La viva imagen de su madre sentada frente a ella en su habitación sin dejar de mirar hacia el vacío se robó el sueño de aquella noche. Sus ojos no estaban calcinados, pero bajo sus cuencas se asomaban gruesas y oscuras bolsas que solo demostraban su cansancio.

No tenía alma. Era de esperarlo, pues ella misma se había encargado de deshacerla.

—No llores, luz de luna —murmuraba Priscilla—. Lo que tienes en frente de ti no es tu madre, es solo el recuerdo que no quisiste recuperar de aquel libro.

Ina pasó una mano por su rostro húmedo. ¿Por qué lloraba por ella?

No tenía deseos de recordarla. De las pocas cosas que sabía sobre sí misma, el rechazo de su madre siempre la había atormentado. ¿Qué había hecho ella para merecer algo así?

Quizás el libro tenía alguna respuesta.

No. Ese libro habla de Ione, no de ella. Ina no era la luz de luna roja de la que él hablaba.

Sí lo era.

Aquel paseo a los interiores del palacio había hecho que se olvidara momentáneamente de la conclusión a la que había llegado luego de su lectura, así como lo habían hecho sus bailes con Hakone.

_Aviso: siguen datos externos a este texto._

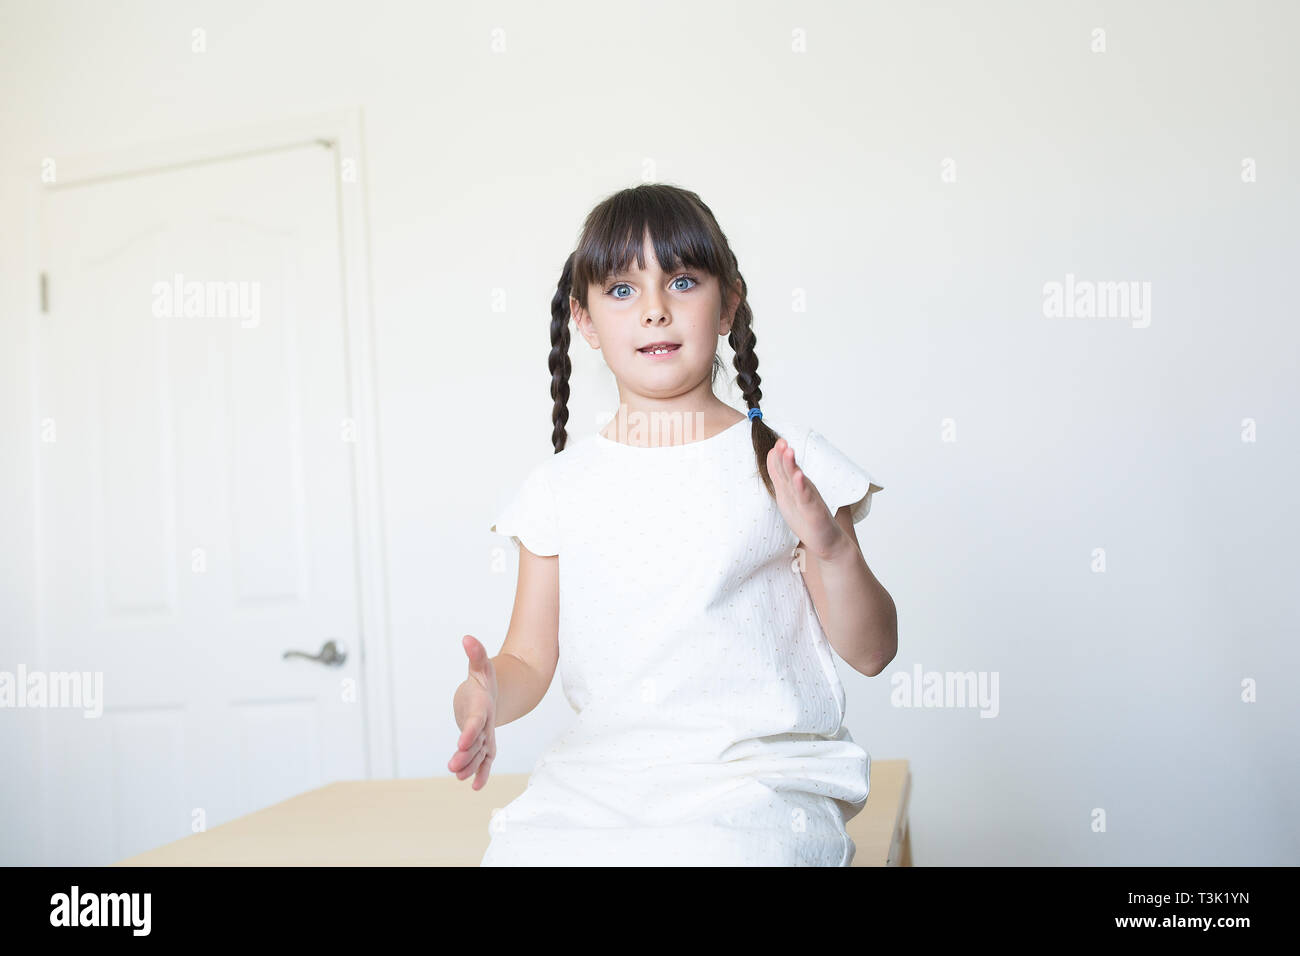 6-7 Jahre altes Mädchen wird mit Bsb-Sprache zu sprechen Stockfoto

Pero él había desaparecido. Ya habían pasado tres días sin saber absolutamente nada del comandante.

Un hombre mayor había tomado su lugar, pero sin usar su característica capa blanca ni su juego de insignias, por lo que imaginó que se trataría de una medida temporal.

¿Pero qué había de él? ¿Se había ido sin despedirse de ella?

O peor aún, ¿había sido capturado?

Su corazón comenzó a latir rápidamente. No quería pensar en otra pérdida, no en él, que se había convertido en su apoyo durante las últimas semanas. No quería perderlo a él.

¿Qué haría si sus miedos fueran reales?

«Quemarías todo», dijo la voz en su interior.

El sonido de su puerta siendo golpeada por las almas de Tamara y Aline hizo que la imagen de Priscilla desapareciera.

Aún era temprano y no había salido de su cama, por lo que todavía vestía aquel camisón que Ophelia tanto odiaba.

Suspiró y abrió la puerta al mismo tiempo en que ambas chicas saltaron sobre ella gritando algo que no llegaba a comprender.

—¡¿Ya viste, Ina?! —Aline parecía mucho más emocionada que de costumbre.

—No. Acabo de despertar.

—¡No puedo creerlo!, ¡tienes que acompañarnos ahora!

—¡Aline! —interrumpió Tamara—, deja que primero se vista.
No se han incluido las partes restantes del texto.